▶ **MATERIALS PROVIDED**
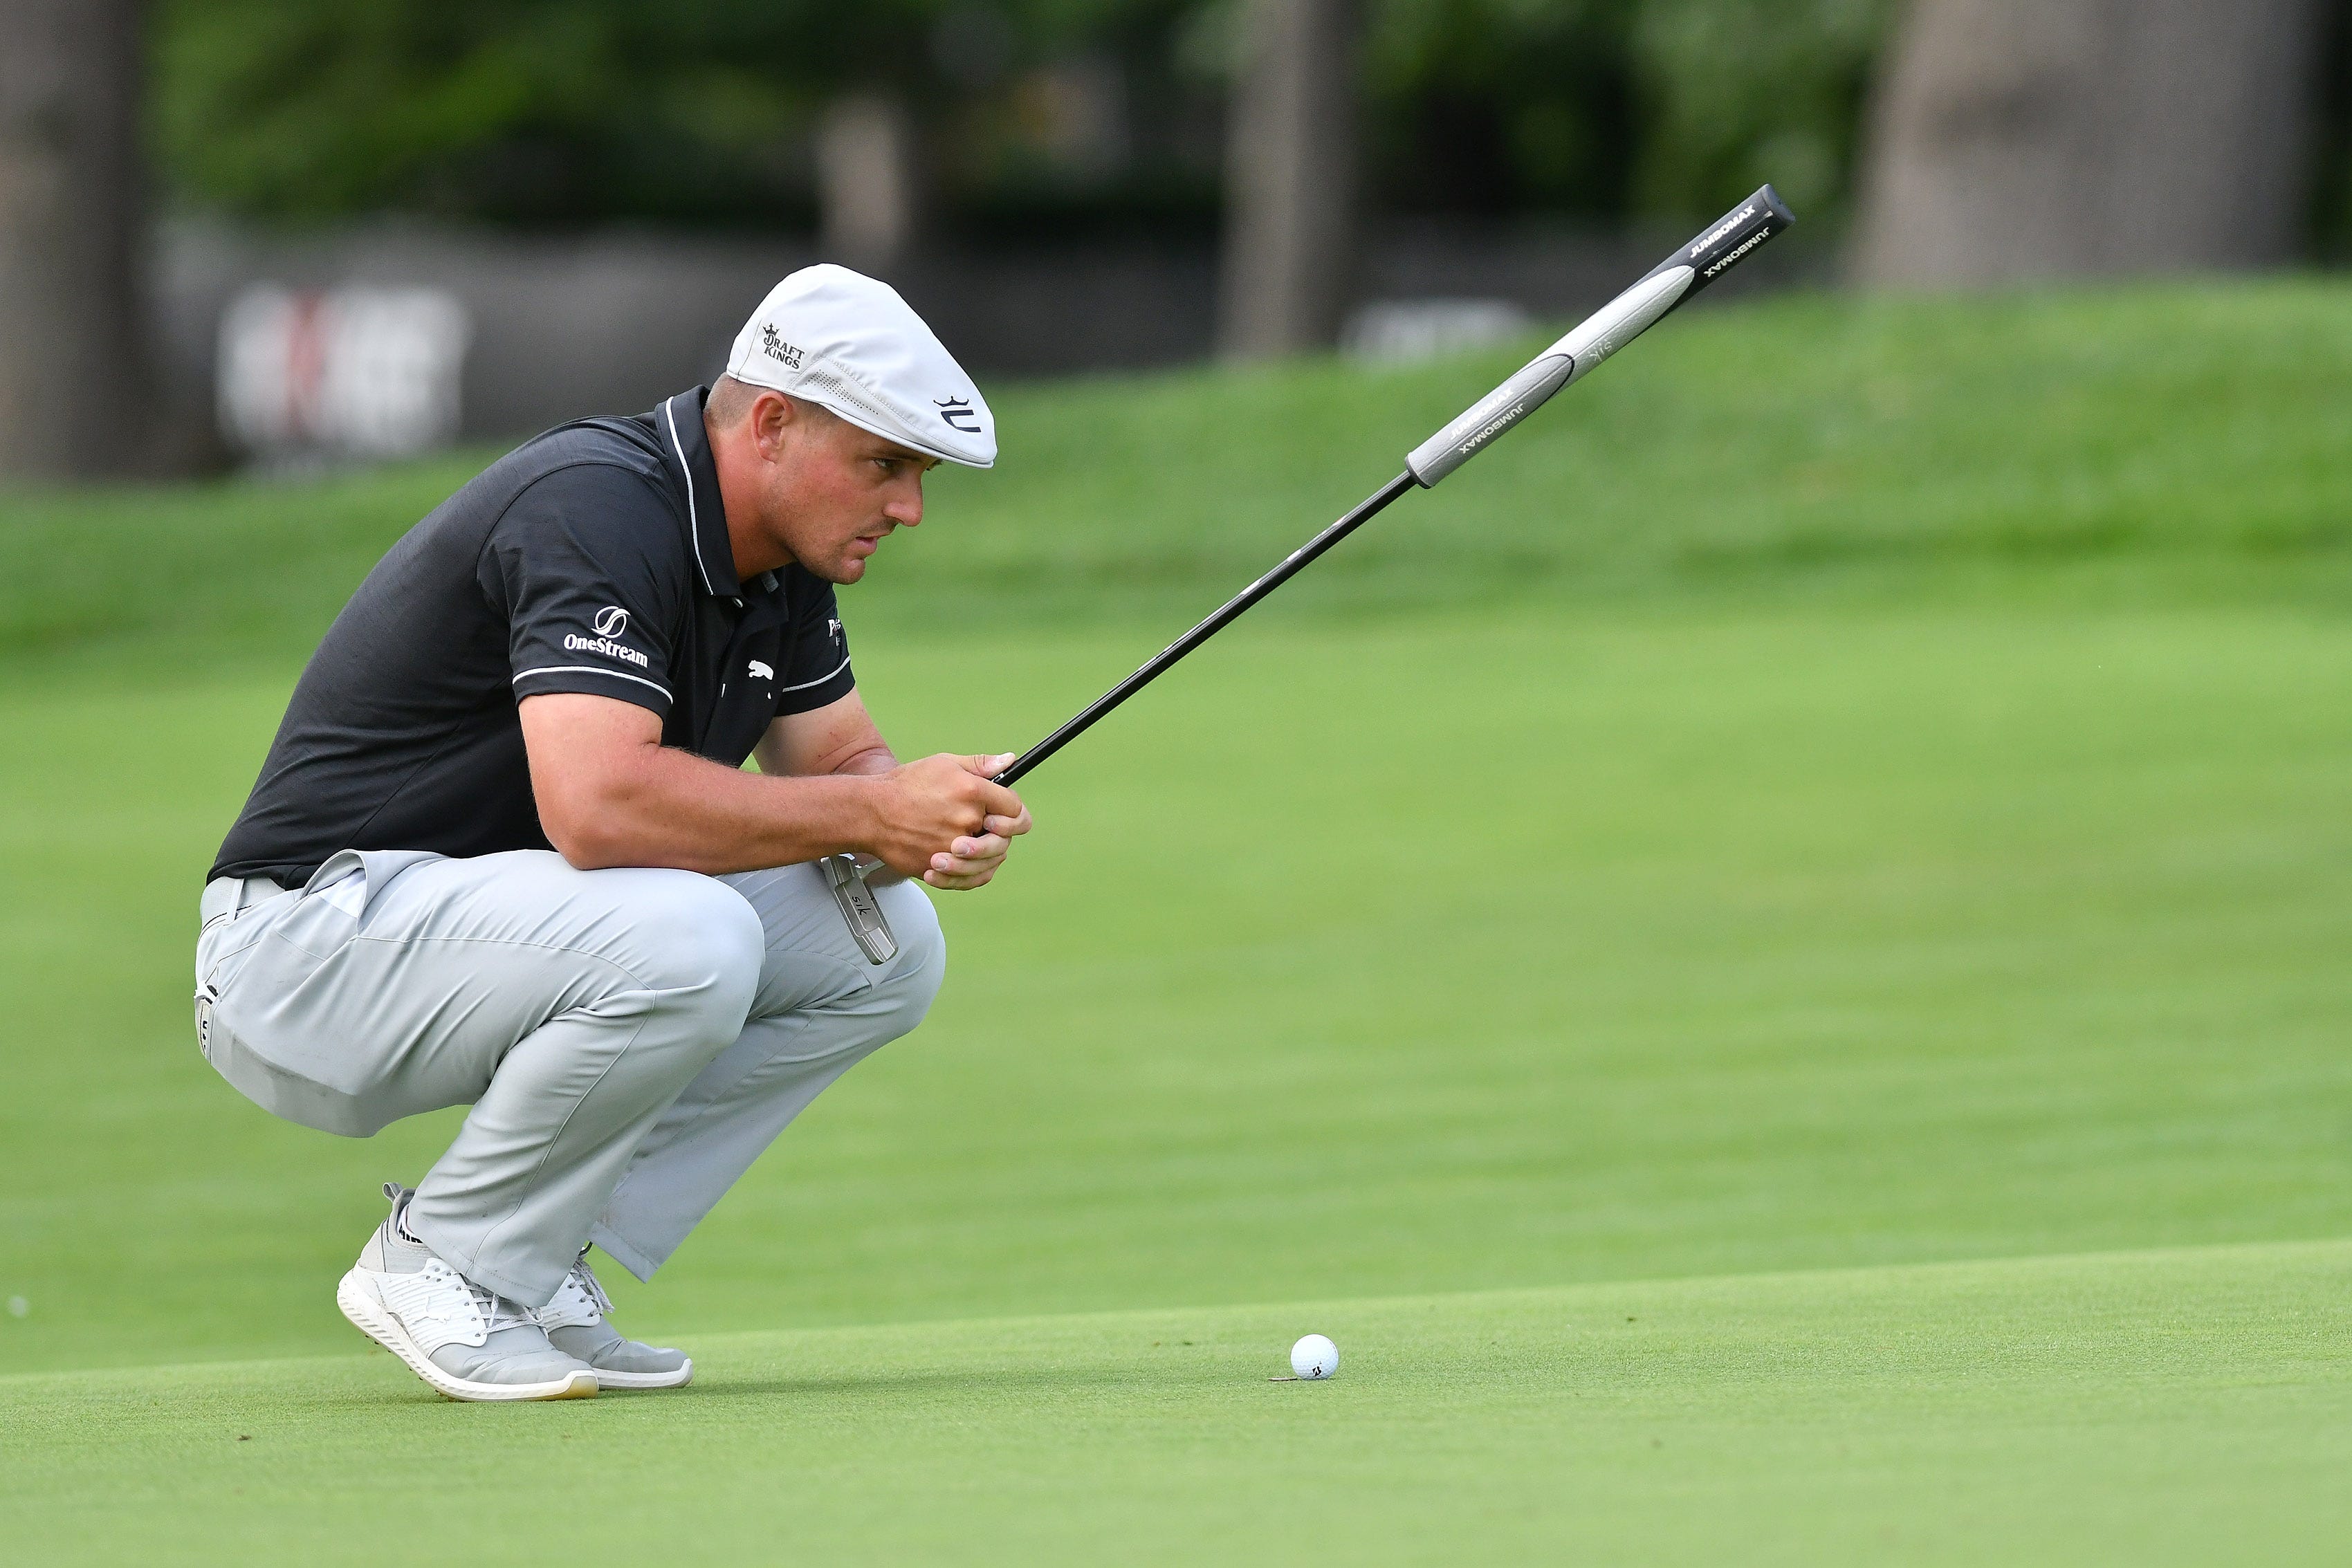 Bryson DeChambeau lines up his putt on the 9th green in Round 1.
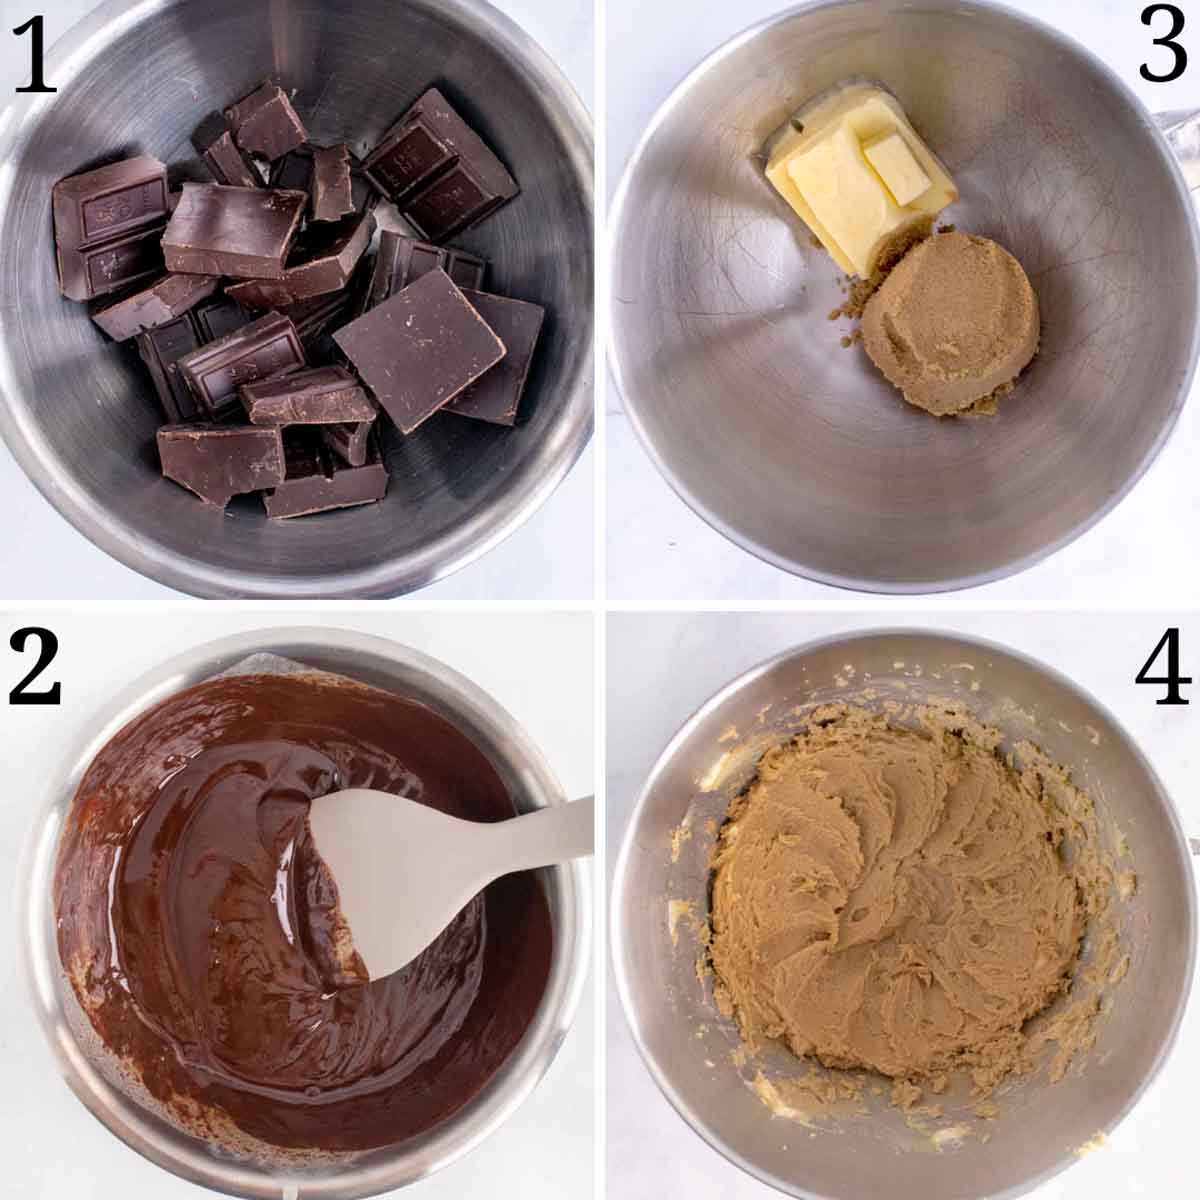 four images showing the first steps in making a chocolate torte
---
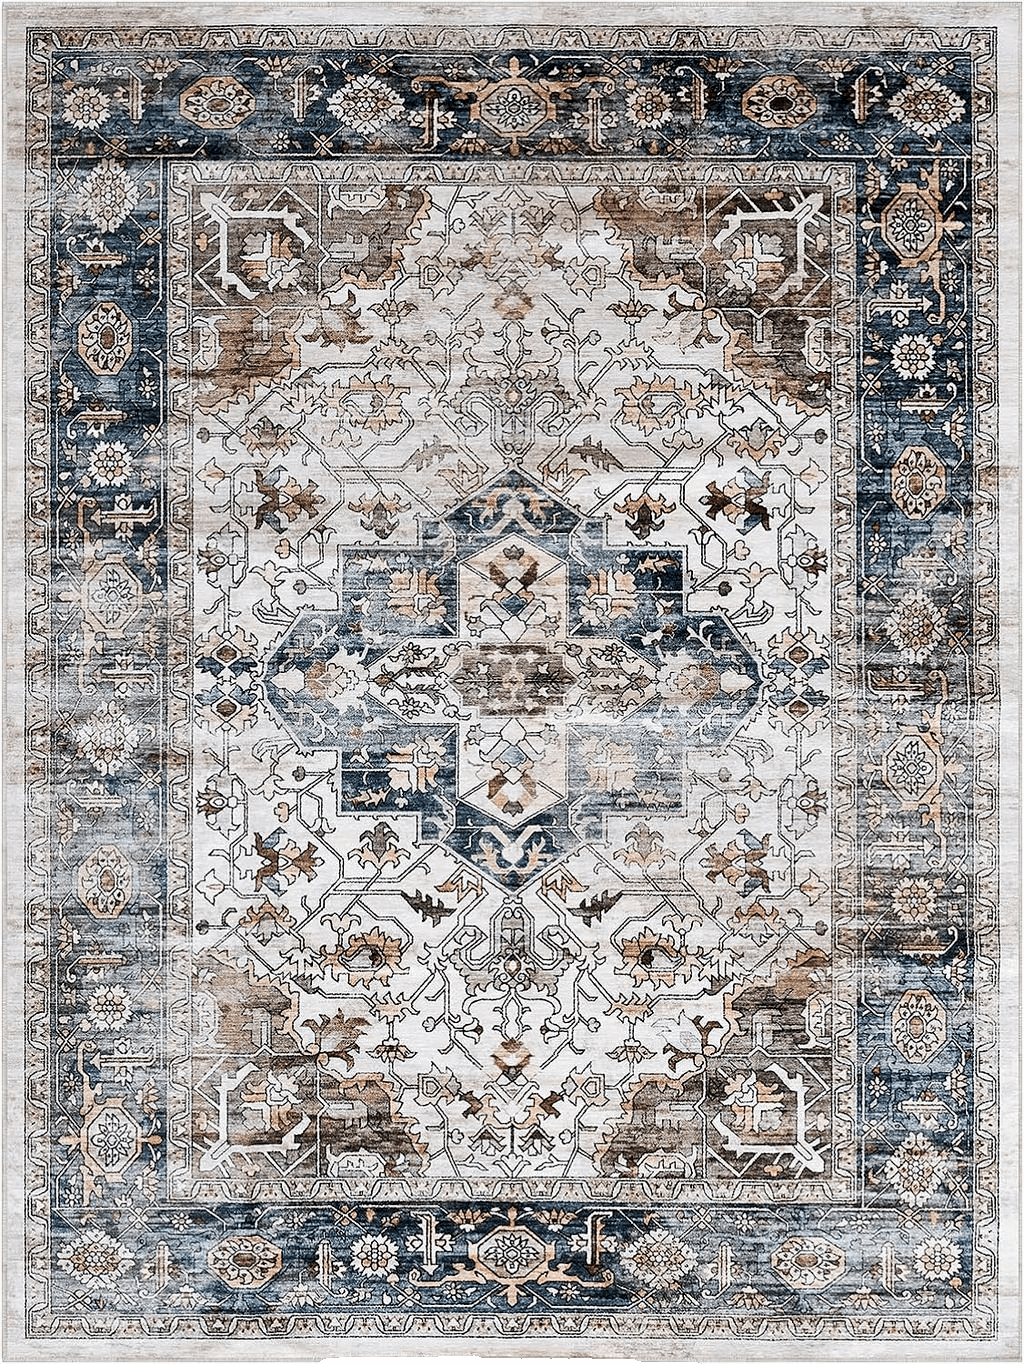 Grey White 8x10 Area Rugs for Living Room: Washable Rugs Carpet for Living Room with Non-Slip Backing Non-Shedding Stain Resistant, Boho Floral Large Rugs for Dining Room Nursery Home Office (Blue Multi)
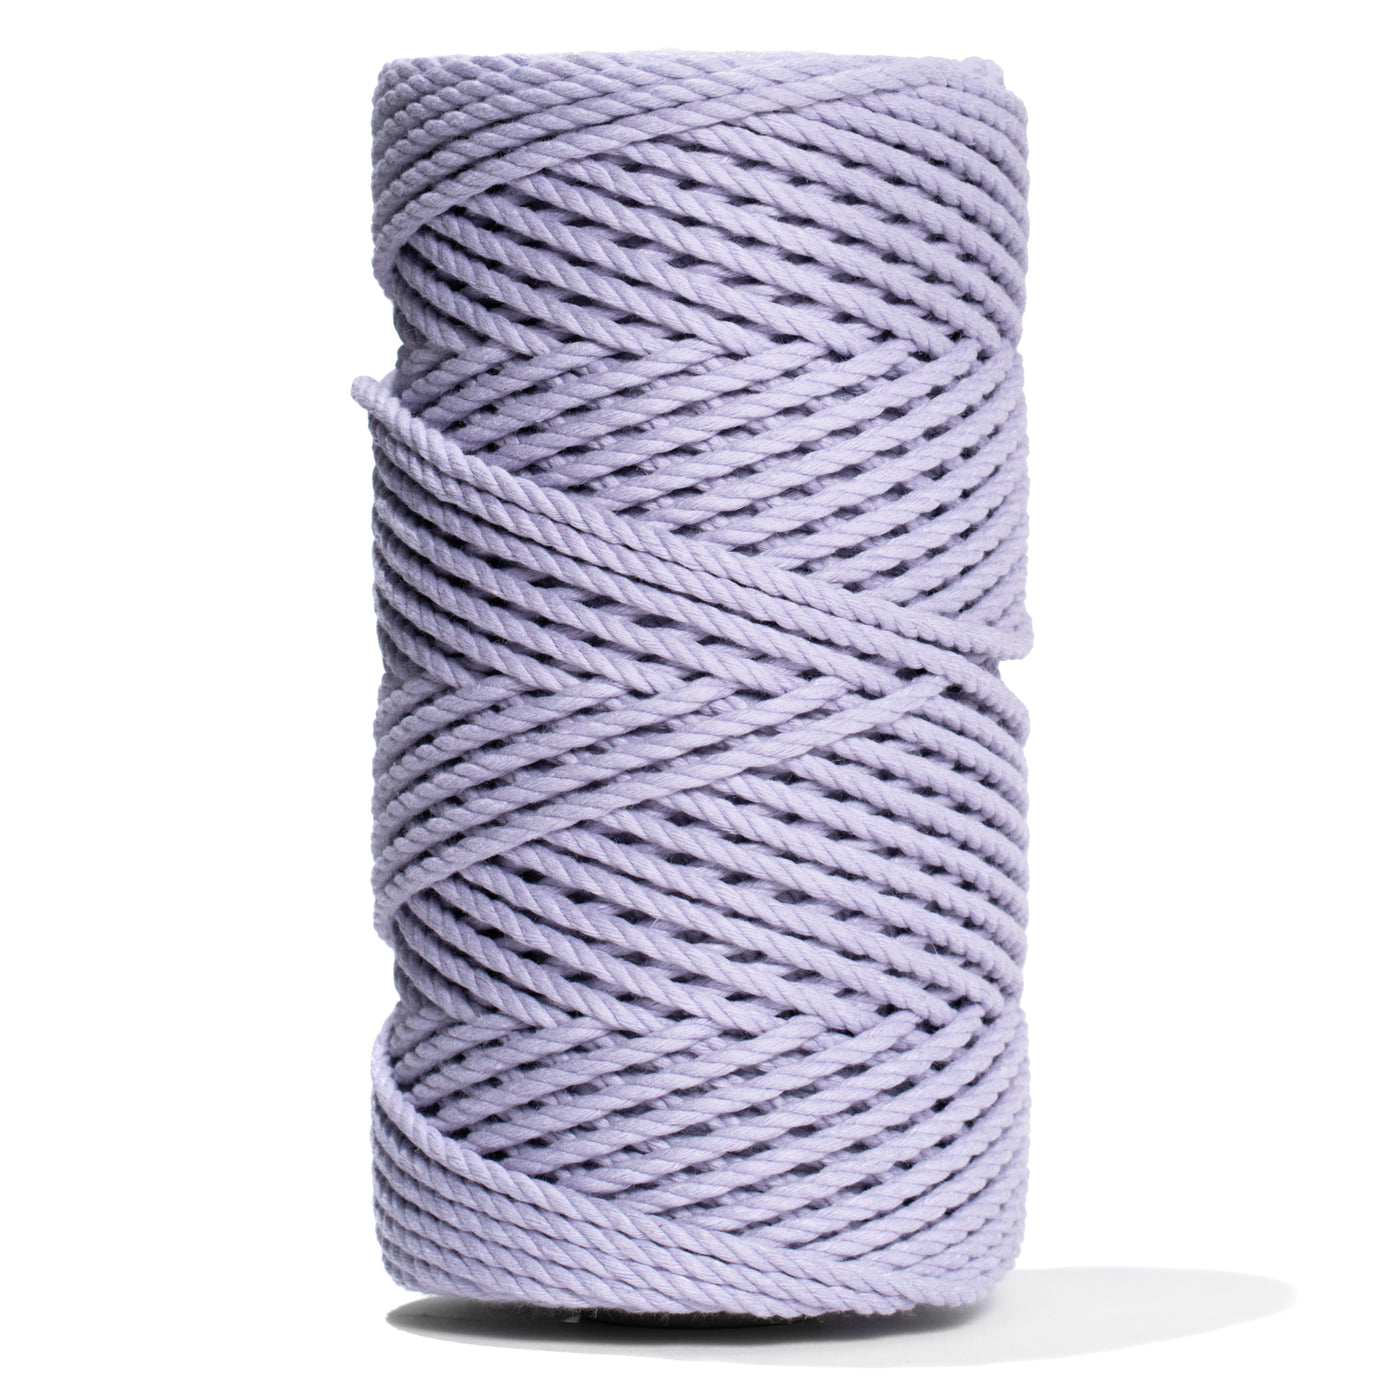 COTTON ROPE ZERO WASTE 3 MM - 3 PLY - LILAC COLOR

▶ **WORK REQUIRED**
Give back exactly the lines above from the one with "Bryson DeChambeau lines" through the one with "four images showing", both included. Pictures don't belong in the copy.

▶ **EXERCISE ANSWER**
 Bryson DeChambeau lines up his putt on the 9th green in Round 1.
 four images showing the first steps in making a chocolate torte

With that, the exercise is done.